How to use this skill
Step 1 — Load the right file for your context
| Context | Read this file |
|---|
| You have profiling output (perf annotate, perf c2c, perf stat, VTune, flamegraph, etc.) | triggers/from-profile.md |
| You are reading existing source code and have no profiling data yet | triggers/from-source.md |
| You are writing new performance-sensitive C/C++ or SIMD code | guidelines/new-code.md |
The trigger files cover all the same patterns; they are separated so you only
load what is relevant. guidelines/new-code.md is a write-time checklist —
load it instead of a trigger file when generating new code, not reviewing it.
Step 2 — Identify the matching pattern
Each trigger file contains a compact table and brief descriptions — enough to
decide whether the code or profile matches a known pattern.
Step 3 — Read the pattern detail file
When a pattern matches, read the corresponding file from patterns/. Do not
attempt the fix from memory.
Step 4 — Apply the fix and verify
Follow the step-by-step instructions and verification method in the pattern file.
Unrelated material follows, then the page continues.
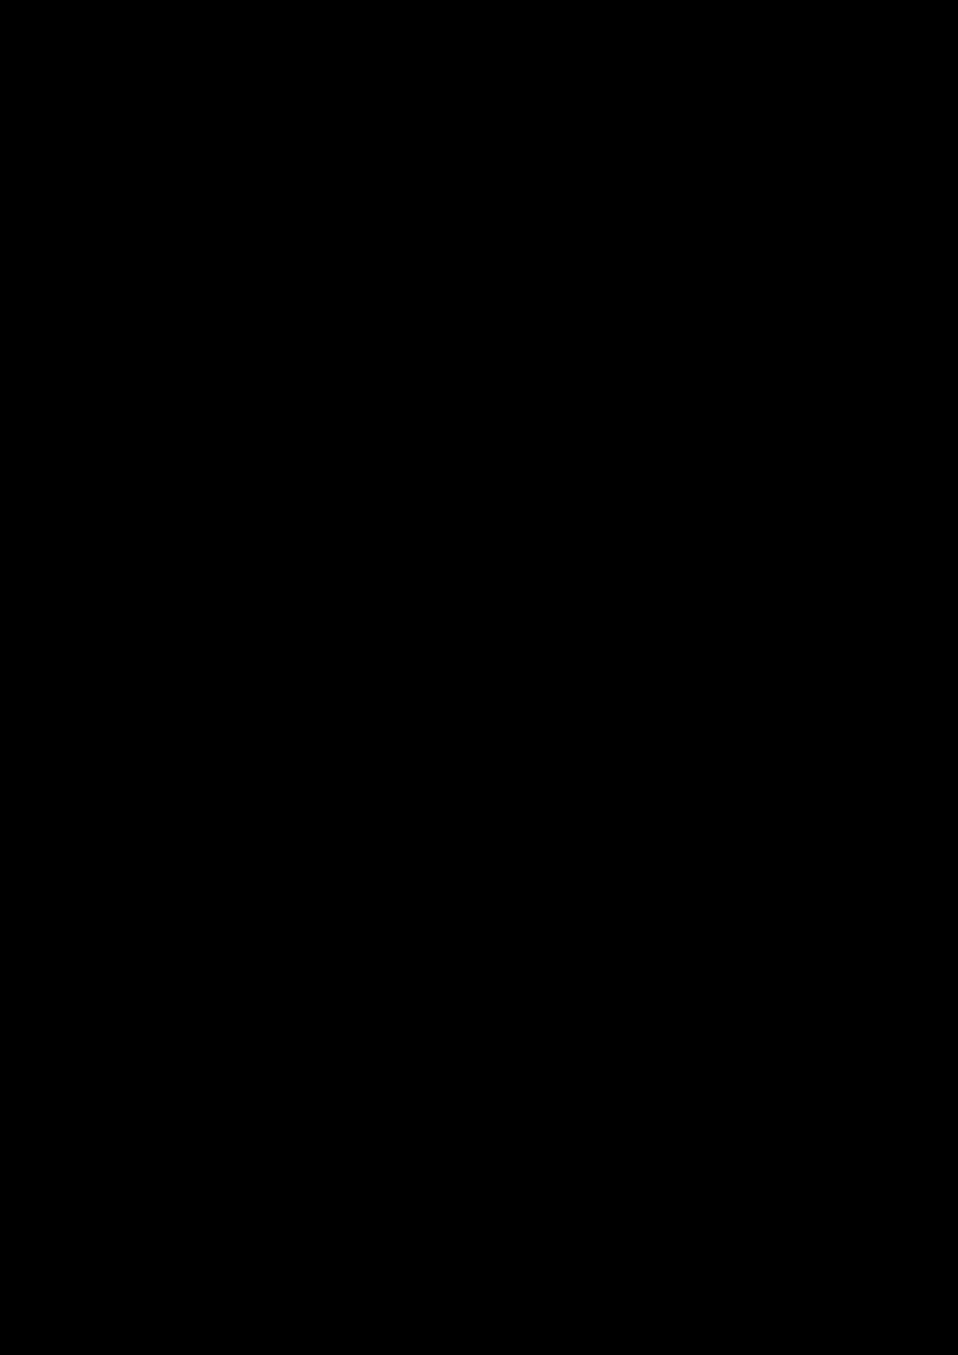 958x1355 Public Domain Clip Art Image Illustration Of A Female Silhouette

Multiple patterns can co-apply. Check all plausible matches before picking one.
Reusable library modules
These standalone implementation guides are available to any agent working in this
skill, not only when following a specific pattern. Load the relevant file directly
if the capability is needed.
| Module | What it provides |
|---|
library/cpu-dispatch.md | Runtime CPU feature detection and variant selection: target_clones (compiler-driven, plain C/C++) and __builtin_cpu_supports (hand-written variants). Use whenever a function has multiple performance-level implementations that need to be wired together at runtime. |
patterns/simd-upconversion-impl.md | Full step-by-step zipper algorithm for doubling vector register width in asm/intrinsics (SSE→AVX2 or AVX2→AVX-512); AVX-512 accumulator template; post-transformation checklist (CPUID guards, vzeroupper, clobber list). |
patterns/fast-crc32c-impl.md | Drop-in CRC32C library: AVX-512 VPCLMULQDQ fusion (corsix v3s1_s3, 64–97 GB/s), SSE4.2+PCLMULQDQ 3-accumulator (~15–25 GB/s), plain C fallback. Runtime CPU dispatch wrapper included. Use whenever new CRC32C code is needed or an existing implementation is the bottleneck. |